---------- DATA SEGMENT

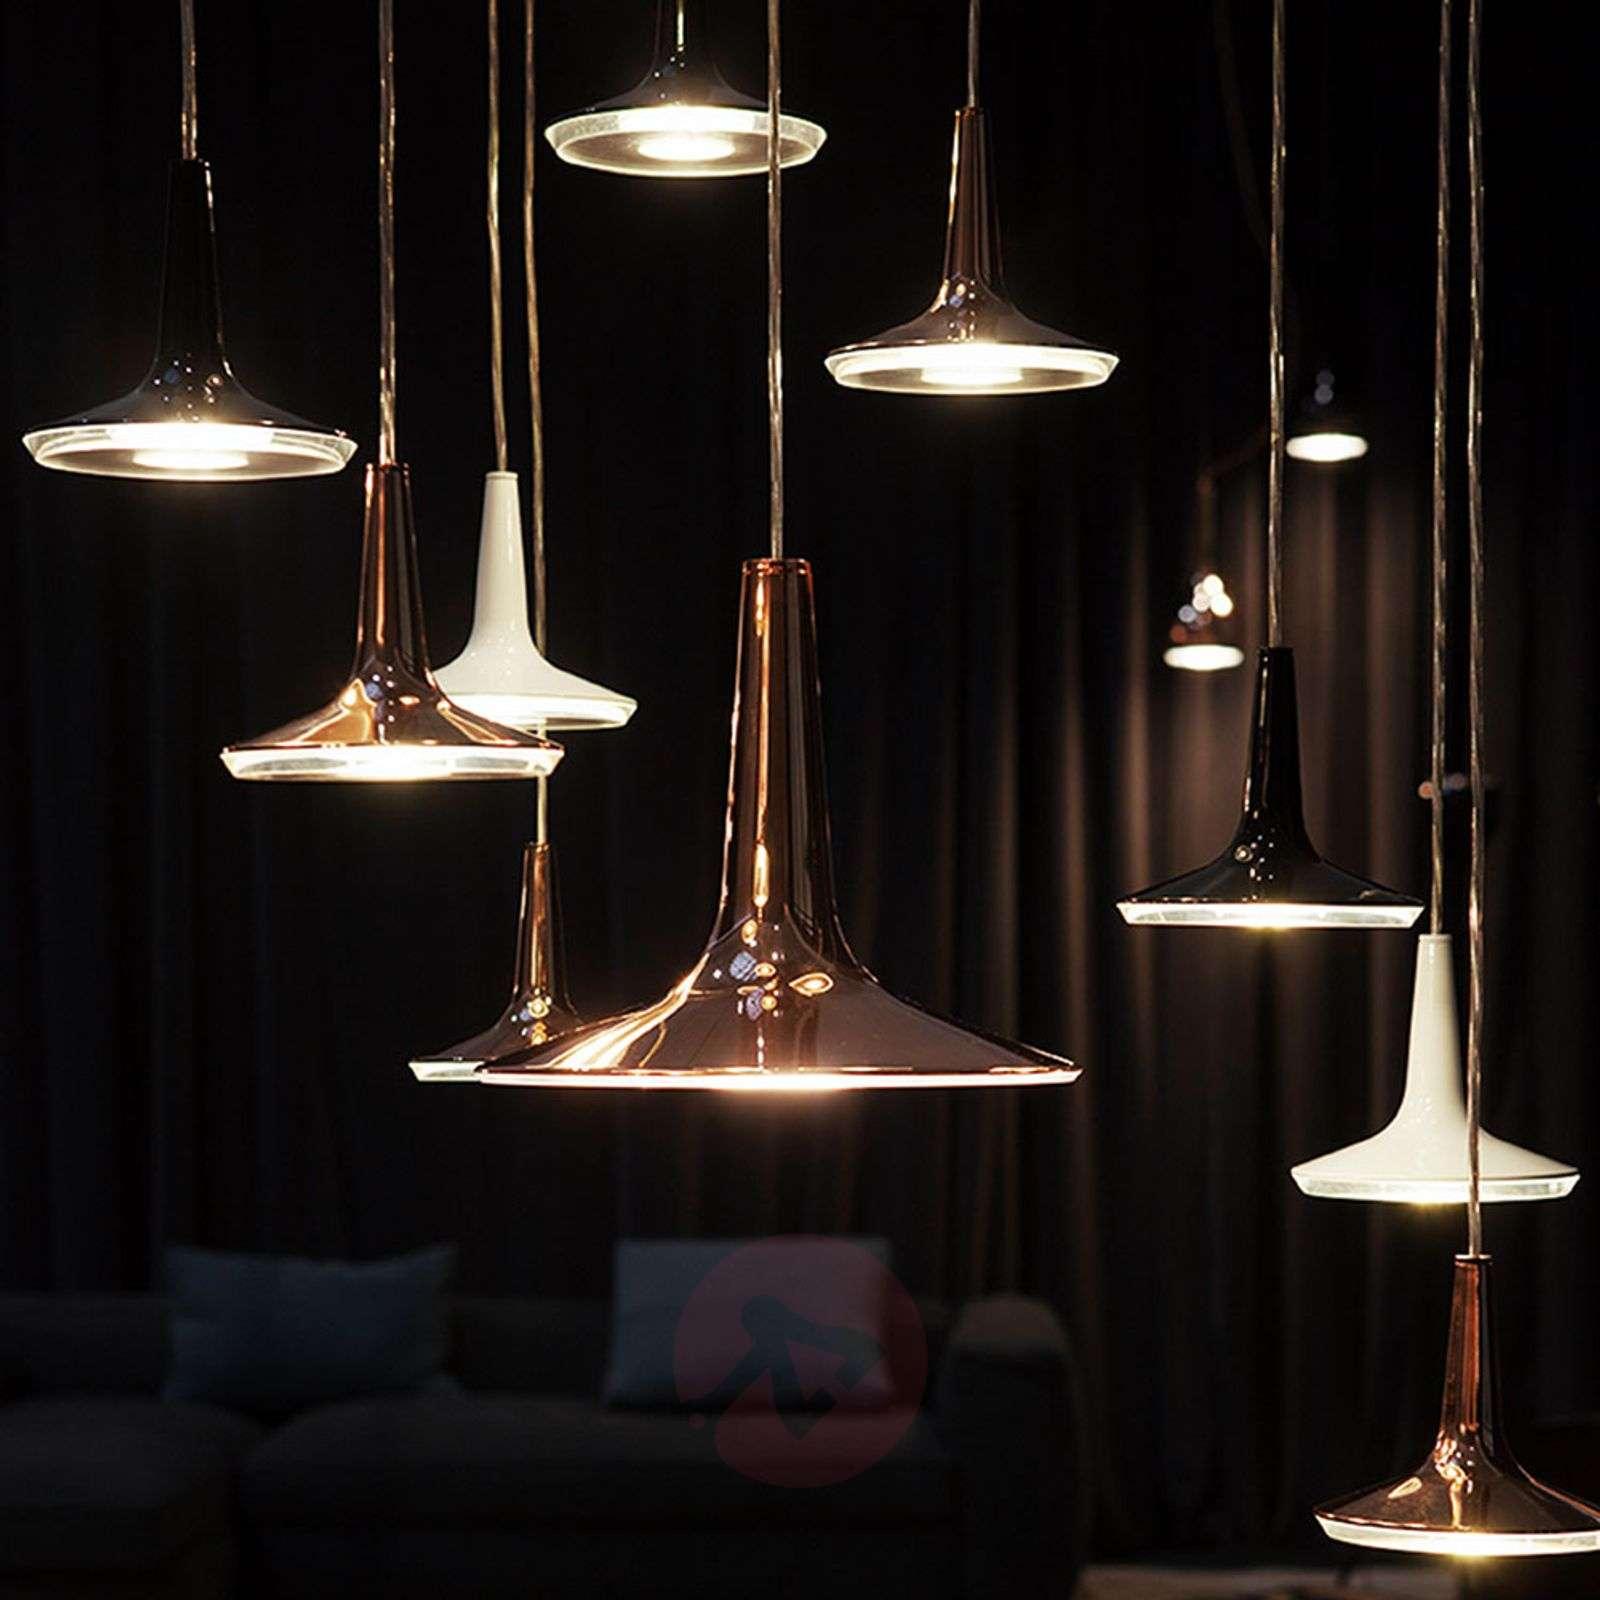 Copper-coloured LED hanging light Kin, 15 cm-7265086-01
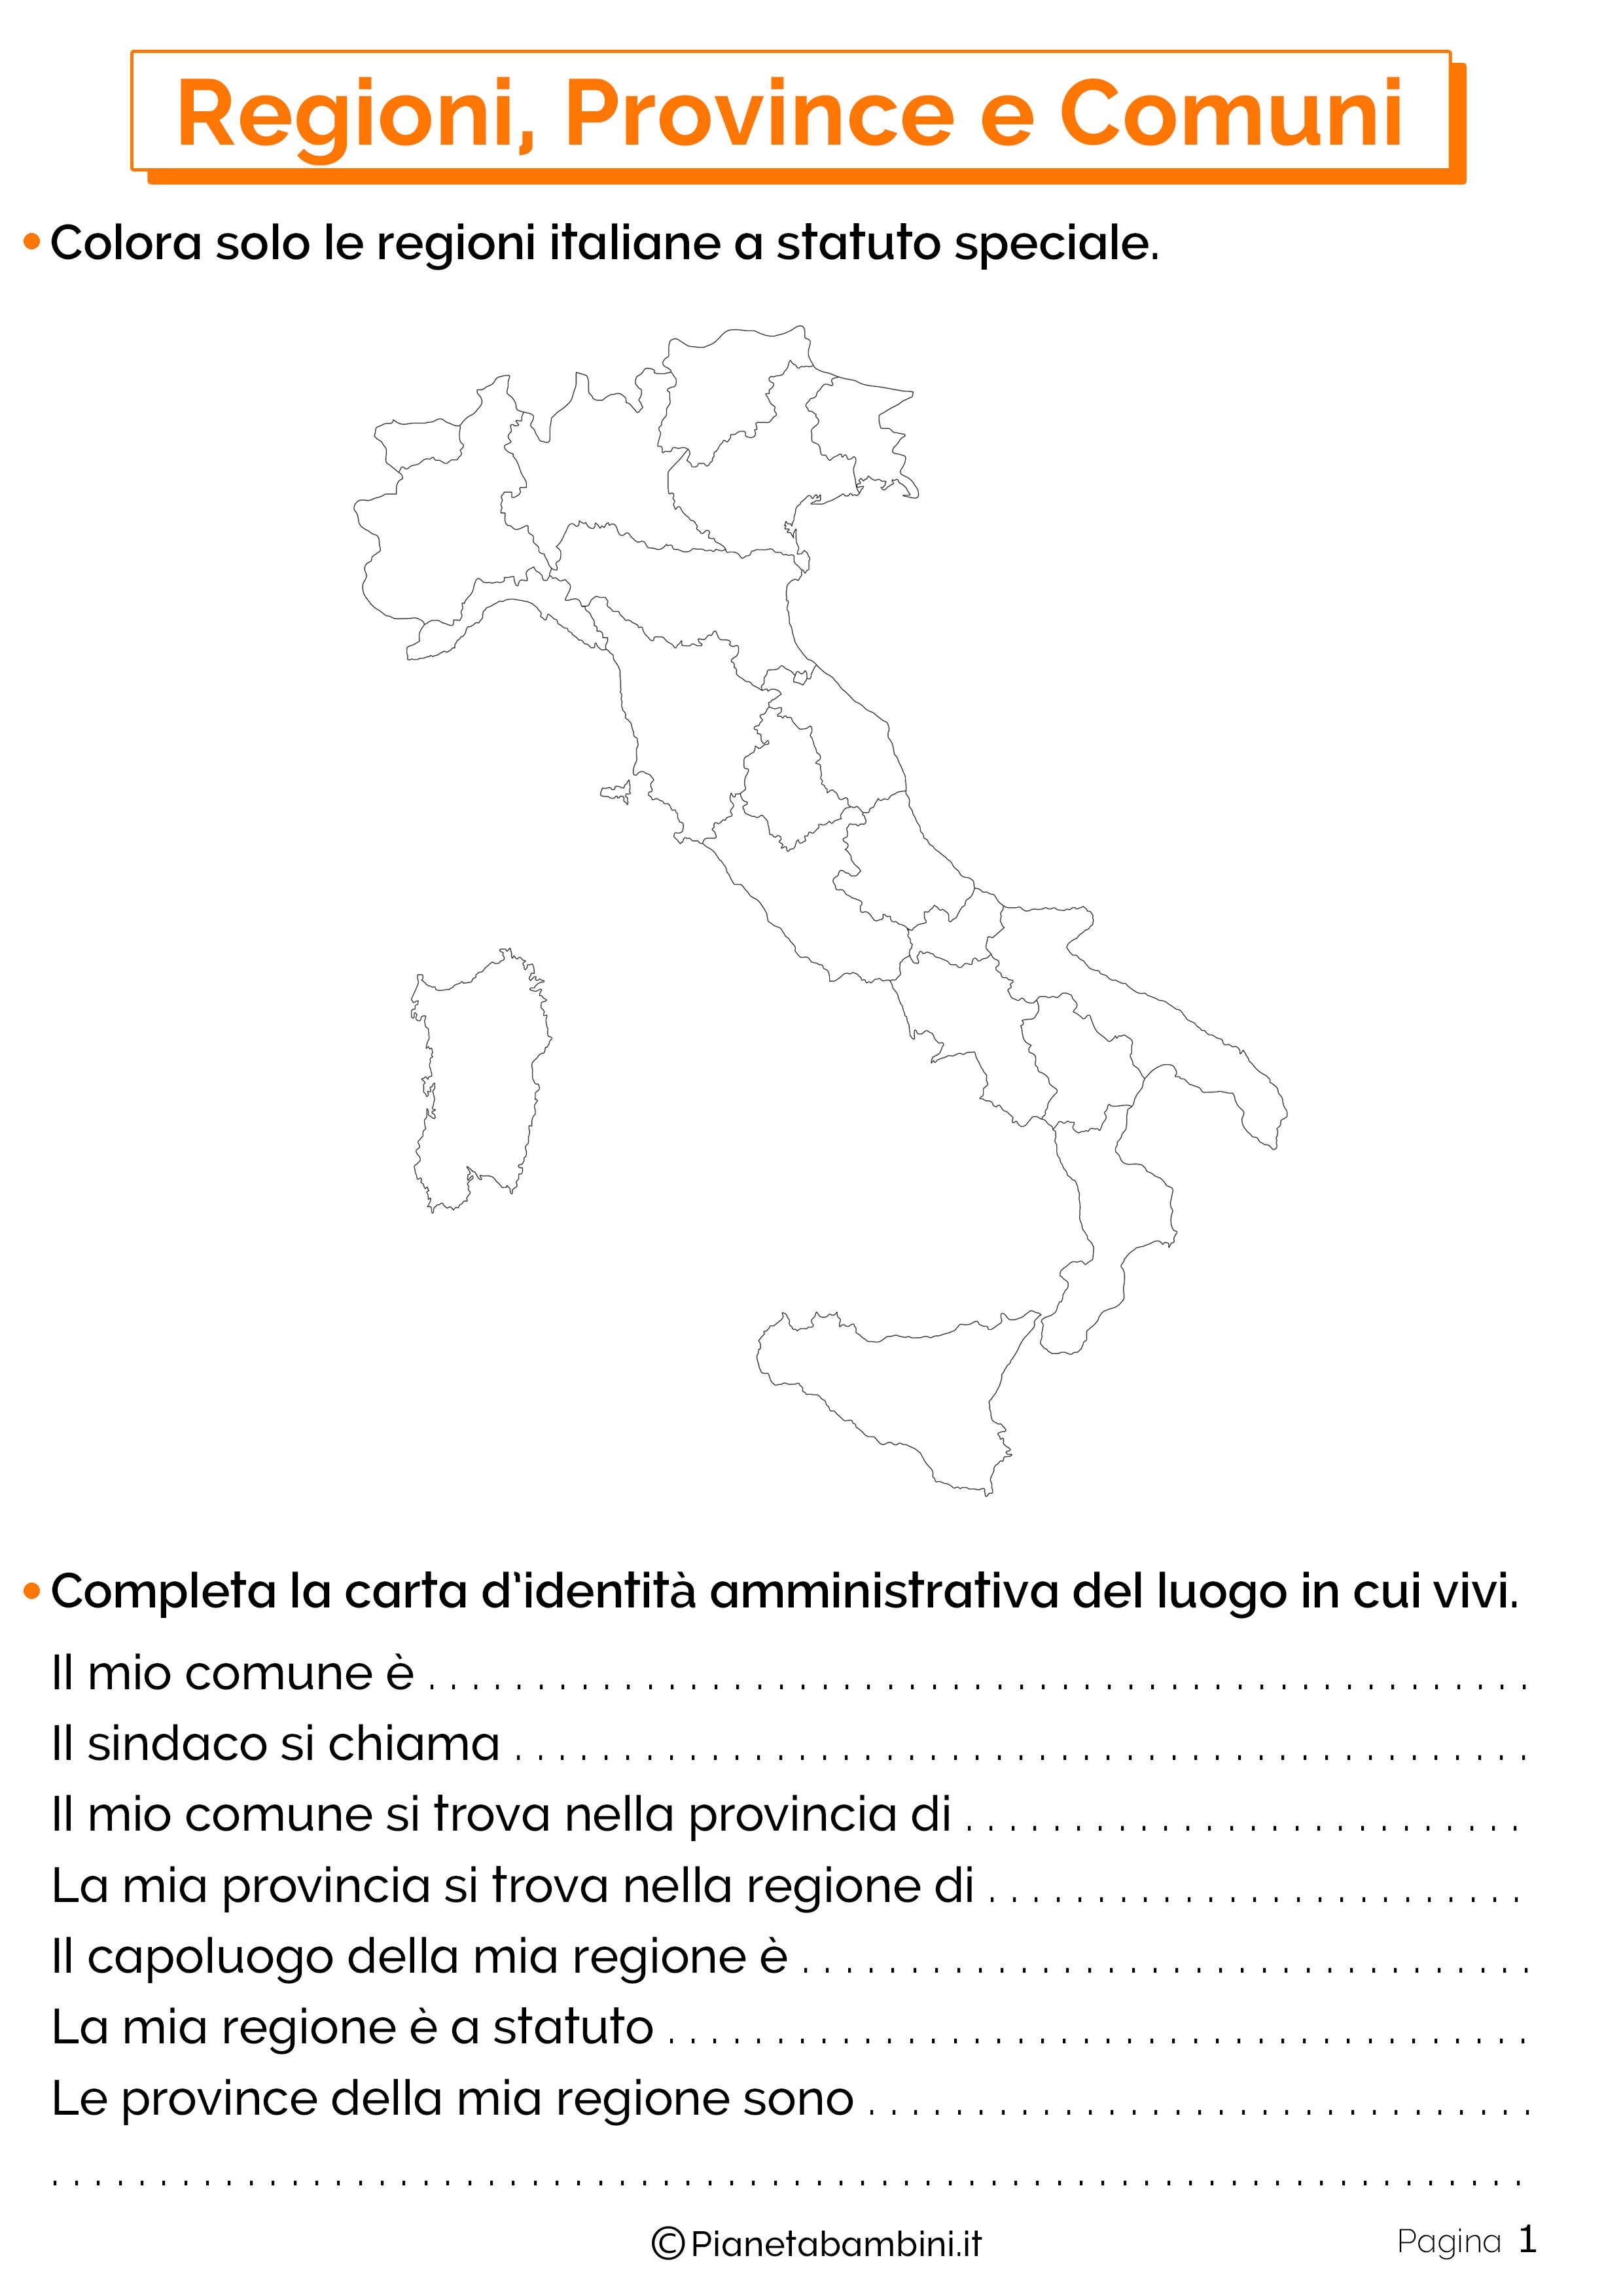 Esercizi su Regioni Province e Comuni 1
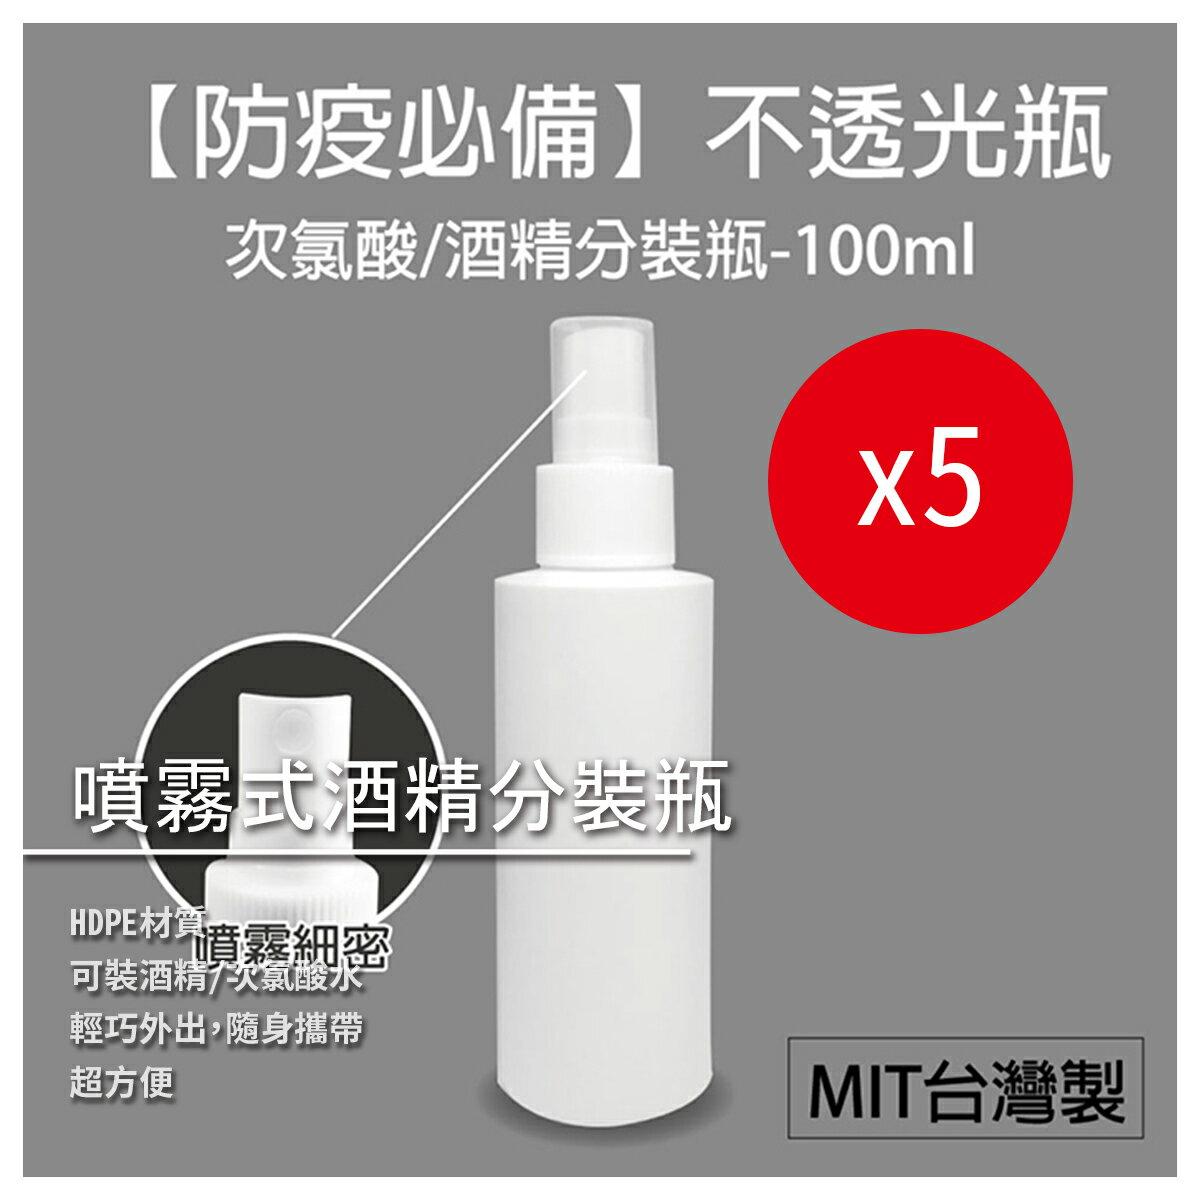 【芮楚 Raychoo】熱銷專區/HDPE材質2號噴霧式酒精分裝瓶/100ml/5入組
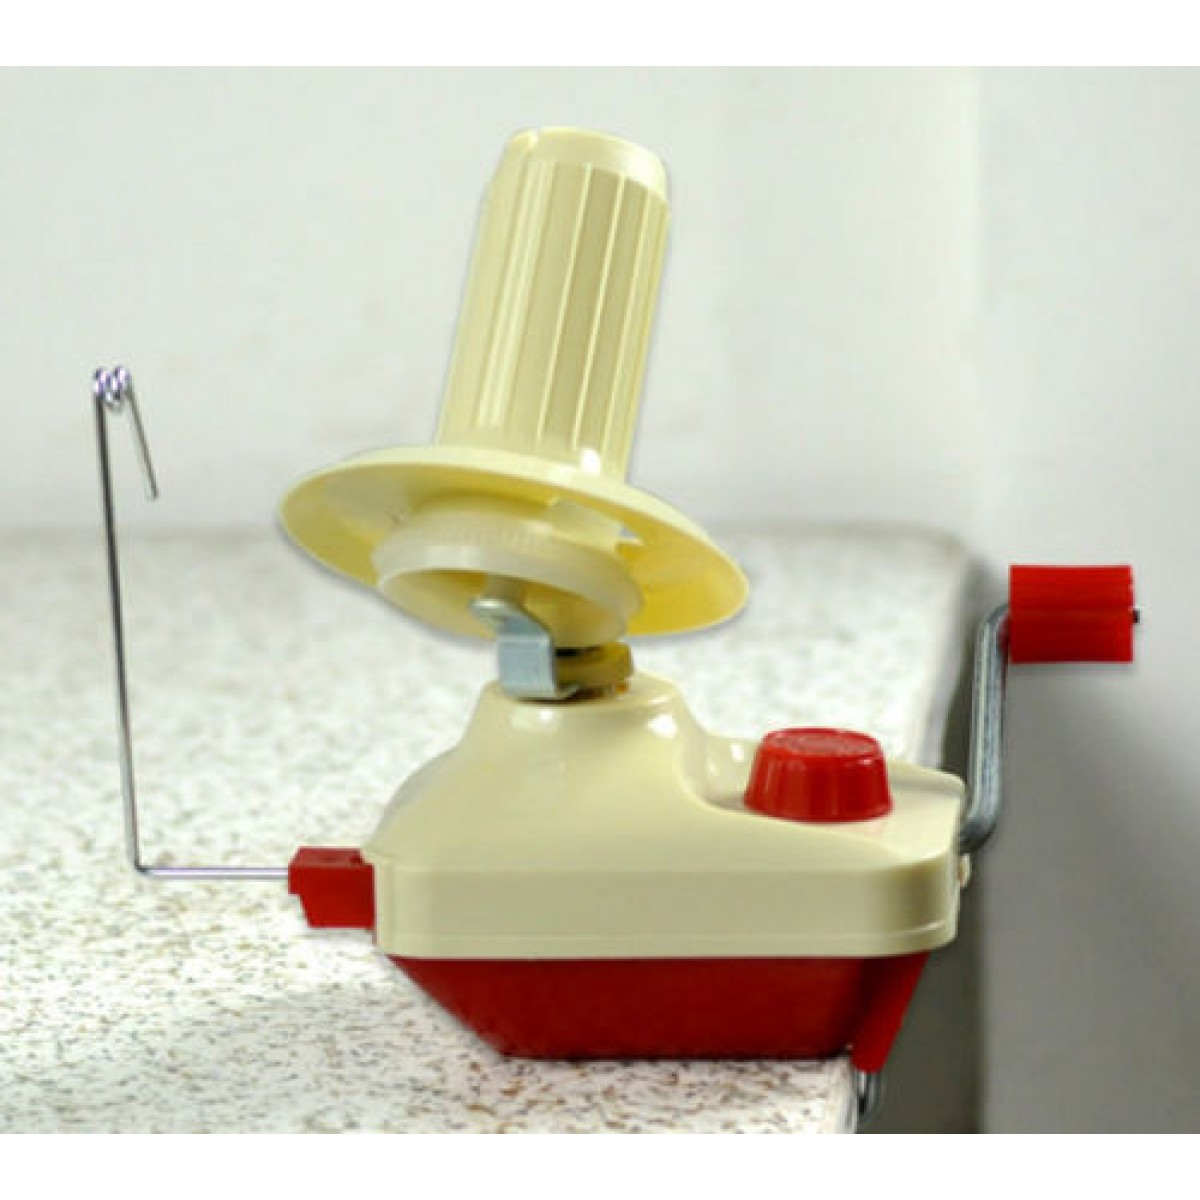 Krydsnøgle- apparat

--------------------

- [ASSIGNMENT] Images are to be omitted; repeat the remaining data above exactly.

- [RESULT FOR THIS TASK]
 Copper-coloured LED hanging light Kin, 15 cm-7265086-01
 Esercizi su Regioni Province e Comuni 1
 【芮楚 Raychoo】熱銷專區/HDPE材質2號噴霧式酒精分裝瓶/100ml/5入組
 Krydsnøgle- apparat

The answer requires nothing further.